Görüldüğü üzere, 6719 sayılı kanunun 21. maddesi ile 6446 Sayılı Elektrik Piyasası Kanunu’nun 17. maddesine eklenen 10. bend ile dava konusu uyuşmazlığın da özünü oluşturan bedeller konusunda, davanın açıldığı tarihteki içtihat durumundan farklı ve yeni bir düzenleme getirmiş; hem de, geçici 20. maddeyle, anılan düzenleme devam etmekte olan davalarda da uygulanacak şekilde geçmişe yürütülmüştür.
Bu aşamada, davanın konusuz kalması hakkında genel açıklama yapılmasında yarar görülmüştür.
İlke olarak her dava, açıldığı tarihteki fiili ve hukuki duruma göre hükme bağlanır (28.11.1956 tarih ve 15/15 sayılı İ.B.K). Ne var ki, dava açıldıktan sonra meydana gelen bir nedenle dava konusunun ortadan kalkması halinde işin esası hakkında infaz kabiliyeti olan bir hüküm kurulmamaktadır.
Dava konusu hakkın davacıya ödenmesi, verilmesi ya da müdahalenin kaldırılması, davacı ve davalı sıfatının birleşmesi, yeni çıkan bir kanun yada Anayasa Mahkemesi kararı ile ya da kişiye sıkı sıkıya bağlı ve mirasçılara geçmeyen bir hakka ilişkin davalarda taraflardan birinin ölümü gibi nedenlerle artık dava konusu edilen talep hakkında olumlu ya da olumsuz bir karar verilmesine gerek ya da neden kalmıyorsa, burada davanın konusuz kalmasından söz edilebilir.
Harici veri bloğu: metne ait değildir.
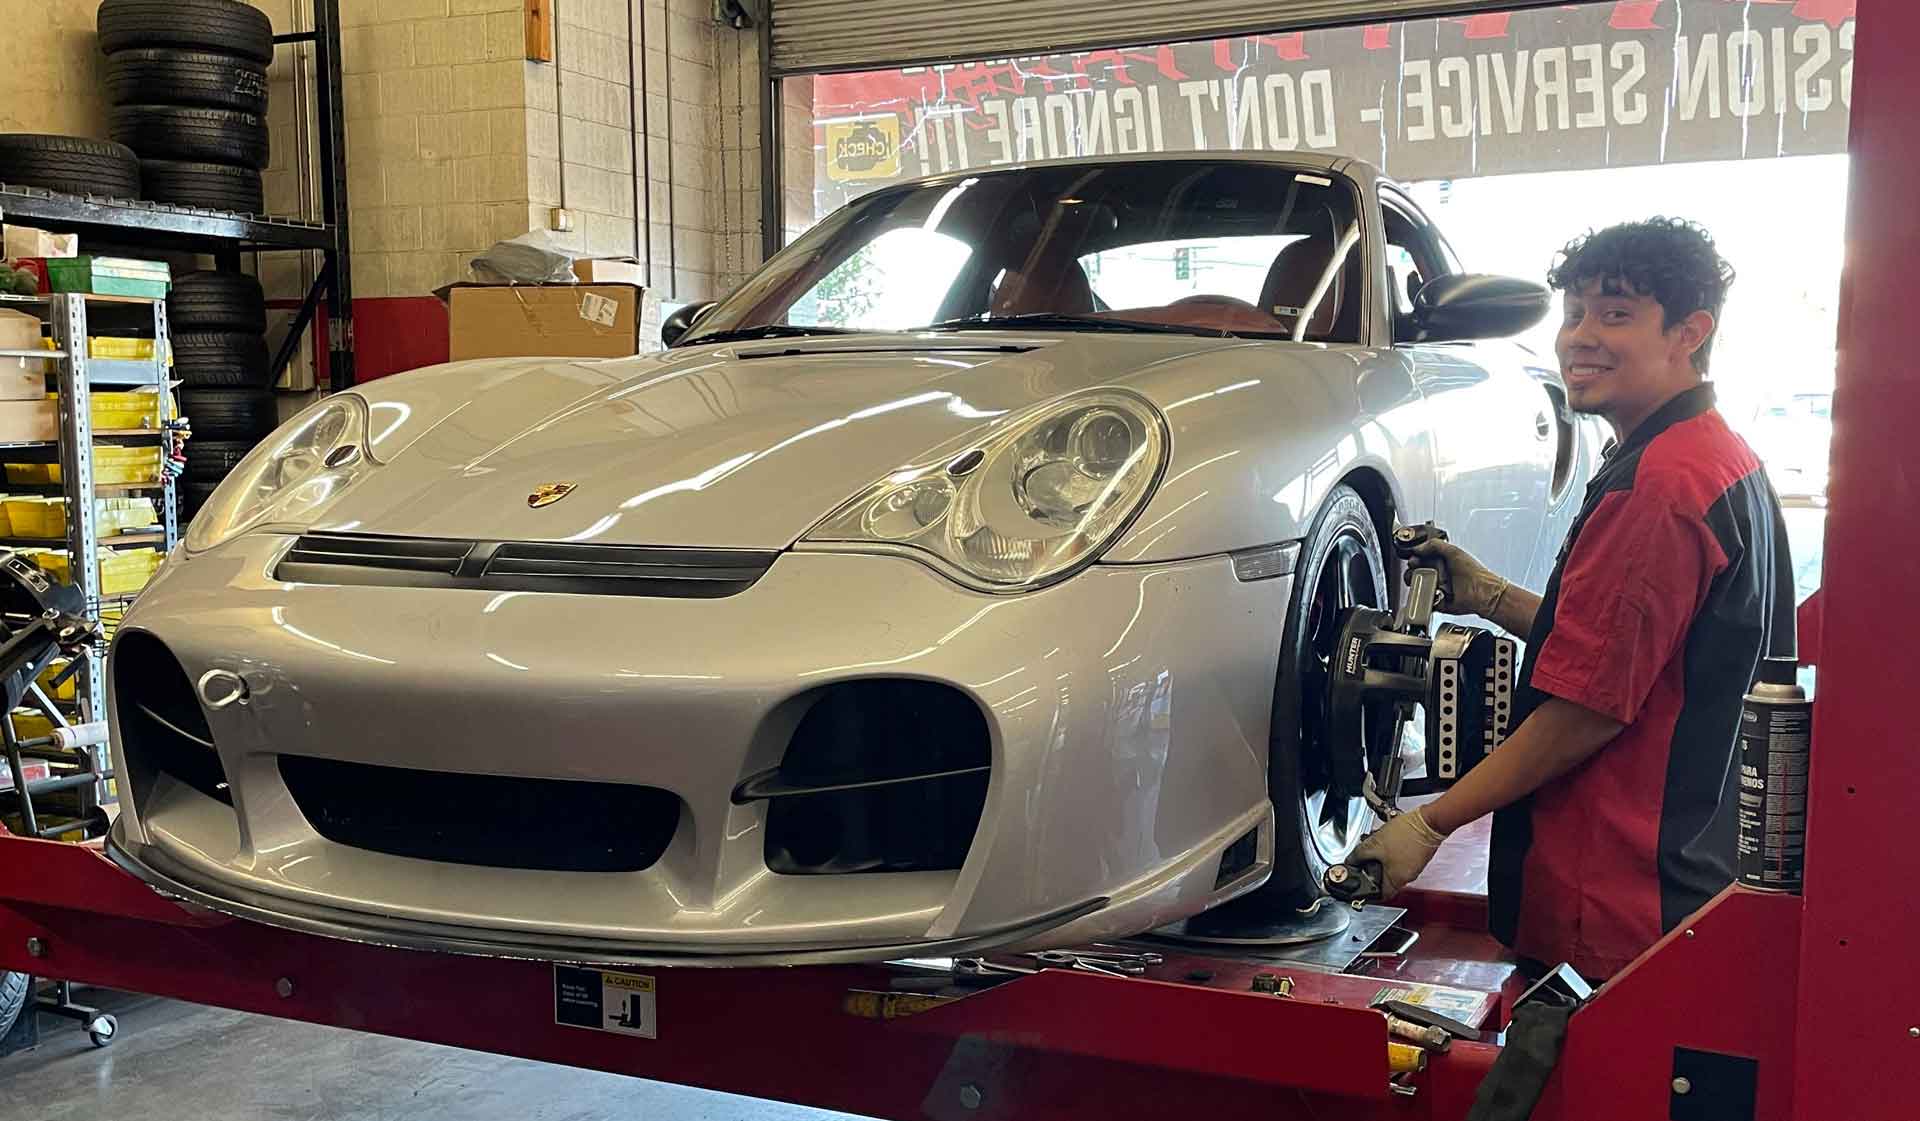 Certified Technician Performing A 4 Wheel Alignment

Bu durumda, mahkemenin, bir tespit hükmü niteliğinde olmak üzere esas hakkında karar verilmesine yer olmadığına hükmetmesi gerekmektedir.
Yapılan bu açıklamalar ışığında uyuşmazlık değerlendirildiğinde; yargılama sırasında yürürlüğe giren geçmişe etkili yasa değişikliklerinin, dava konusu hakkın özünü ortadan kaldırdığı açıktır. Diğer bir anlatımla, geçmişe etkili yeni yasa nedeniyle dava konusuz kalmıştır.
Bu noktada, mahkemece; HMK’nun 331/1. maddesi uyarınca, konusuz kalan dava hakkında yargılamaya devam edilerek, dava açıldığı zaman hangi tarafın haksız olduğu tesbit edilmeli ve o tarafın yargılama giderlerine (bu bağlamda vekalet ücretine de) mahkum edilmesi gerekir.
Eldeki davada; davacı, davanın açıldığı andaki mevzuat ve içtihat durumuna göre dava açmakta haklıdır. Eş söyleyişle, davaya konu bedelleri tahsil eden davalı, davanın açılmasına sebebiyet vermiştir.
Hal böyle olunca; ilk derece mahkemesince, yargılama sırasında yürürlüğe giren yasa değişiklikleri nedeniyle konusuz kalan davanın esası hakkında karar verilmesine yer olmadığına, davacı tarafça yapılan yargılama giderlerinin ve bu giderlere dahil olan maktu vekalet ücretinin davalıdan tahsiline karar verilmesi gerekirken, davanın reddine dair kurulan
yerel mahkeme hükmü hatalı olduğu gibi İstinaf incelemesi sırasında, bölge adliye mahkemesince, davacının istinaf başvurusunun kısmen kabulü ile davalı taraf yararına vekalet ücreti takdirine yönelik yerel mahkeme hükmü kaldırılarak hüküm fıkrasının düzeltilmesi yoluna gidilmiş ise de, davacı yararına vekalet ücreti takdiri gerekirken, bu yönde hüküm kurulmaması da usul ve yasaya aykırı olup, bozmayı gerektirmiştir.
SONUÇ: Yukarıda birinci bentte açıklanan nedenlerle davalının tüm, davacının sair temyiz itirazlarının reddine; ikinci bentte açıklanan nedenlerle 6100 sayılı HMK’nun 371. maddesi uyarınca temyiz olunan Bölge Adliye Mahkemesi kararının davacı yararına BOZULMASINA, peşin alınan temyiz harcının istek halinde temyiz edene iadesine, dosyanın Bölge Adliye Mahkemesine, kararın bir örneğinin de İlk Derece Mahkemesine GÖNDERİLMESİNE, 23/05/2019 gününde oybirliği ile karar verildi.